“I know we never got along.”
This was news to me. Because in front of me was my Dad. The man who had been the only father I’d known for most of my life. I mean, I remembered the time before he came along. I remembered that there was a time when he was not my dad. I remembered it because I was young enough that just a few short years of him being married to my mom was enough that it took up most of my life.
I remembered the times he took me camping. Hunting trips where I slept in the back of his beat-up and rusting Toyota pickup while he took a shot at a deer or a hog. I never even woke up, despite the thunder of his rifle. He’d been impressed by that.
I remembered all those fishing trips, including the time I caught a 100-pound alligator gar that won me first place in the Freeport Fishing Fiesta—a record I held for the next 18 years. He’d been proud of me for that.
I was never much into hunting or fishing, though, so maybe that was why.
I remembered the time he took me to go play video games at a convenience store, pumping quarters into the machine while he tried to talk to me. He told me that this wasn’t about the games, it was about us talking to each other. I didn’t really know what to say to that. I didn’t understand—I just wanted to play the games.
Maybe that was why.
I remembered the time we were fishing on a small sandbar in the Gulf of Mexico, off of Surfside Beach. My step-brother was there. We were playing in the water while my Dad and his friend cast lines out on the other side of the island. I saw a kid on a pier, across the water. I waved, and must have wandered. I was snagged by the undertow, I was pulled under, I struggled, I sank. I was drowning.
And Dad pulled me out. He put me on the beach. He made me cough up the water. And later, when my mom and my Granny and my PaPa asked me about the experience, I told them I saw Jesus, and I didn’t even think about thanking Dad for saving me.
Maybe that was why?
Years of us in the roles of father and son. I don’t remember ever fighting with him. I remember plenty of moments, in fact, where we were frank and honest and good with each other. I remember asking him once, after discovering that I used to have a different last name, after learning that I had a “real dad,” that in fact there had been another man married to my mother before Dad came along, “Why didn’t he love me?”
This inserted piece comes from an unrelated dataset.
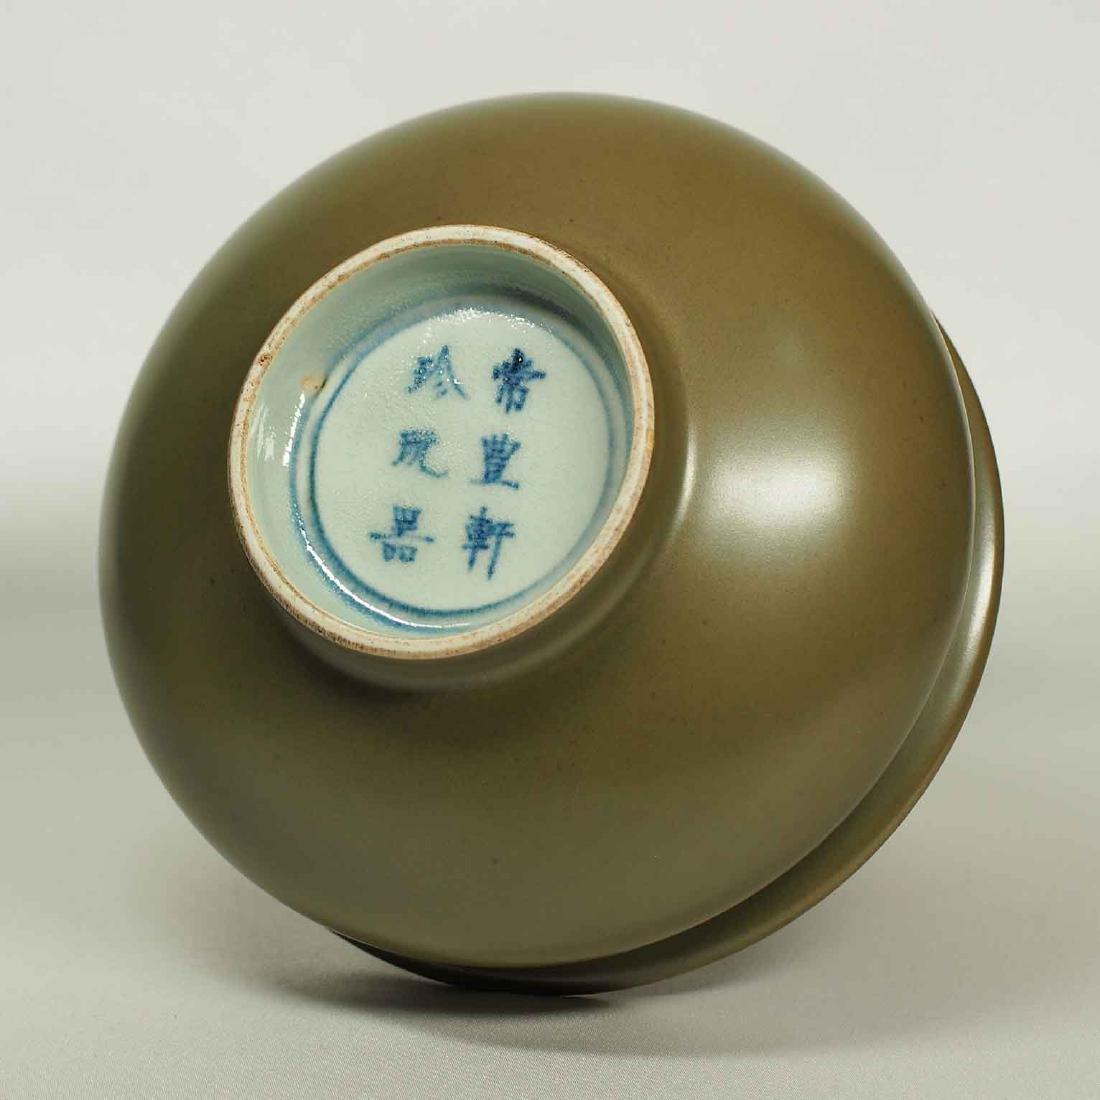 Flared-Rim Censer, Kangxi Mark, Qing Dynasty - 5

The story was more complicated than that. I’d learn all of it later. Most of it. I’m still not sure about some of it. But my Dad explained some of it to me, and even though I didn’t understand, I understood. Or I lived like I understood. Because he was the one who was there, and he said he loved me, and that was enough.
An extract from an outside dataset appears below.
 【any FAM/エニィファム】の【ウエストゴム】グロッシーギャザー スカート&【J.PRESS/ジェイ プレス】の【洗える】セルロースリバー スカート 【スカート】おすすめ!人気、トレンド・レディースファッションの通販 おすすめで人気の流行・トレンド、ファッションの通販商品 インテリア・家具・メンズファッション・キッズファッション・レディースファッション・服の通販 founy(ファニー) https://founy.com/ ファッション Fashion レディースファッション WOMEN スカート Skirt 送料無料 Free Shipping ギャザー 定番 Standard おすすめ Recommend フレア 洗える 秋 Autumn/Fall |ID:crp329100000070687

“I know we never got along,” he said, eventually.
Mom and my brother had already left. They were at Granny and PaPa’s house, across the pasture from us, around the corner from us. I could walk it, but I had to get my bike there. That’s why I was still there, sitting with him, in that quiet and dark house that I wouldn’t set foot in again for years.
He probably said a lot more, after that. Probably explained. The divorce wasn’t my fault—he probably said that. Sometimes two people just can’t get along. Things fall apart, or don’t work out. But he loves me, he probably said.
When I left, I rode my bike along the country road I’d ridden on all my life. I rounded the corner to the home of my grandparents, to a house I’d been to more times than I could count, had even lived in, during the time before Dad.
I remember crying. I remember pumping the pedals. I remember the words kept playing. “I know we never got along.”
Well, I didn’t know that. I hadn’t known that. It had never even crossed my mind. Because he was my Dad, even if I could remember a time before him.
So... if I was clueless, if I didn’t know that we didn’t get along, that could only mean one thing.
It was my fault. I was a bad kid. A bad son. A bad person.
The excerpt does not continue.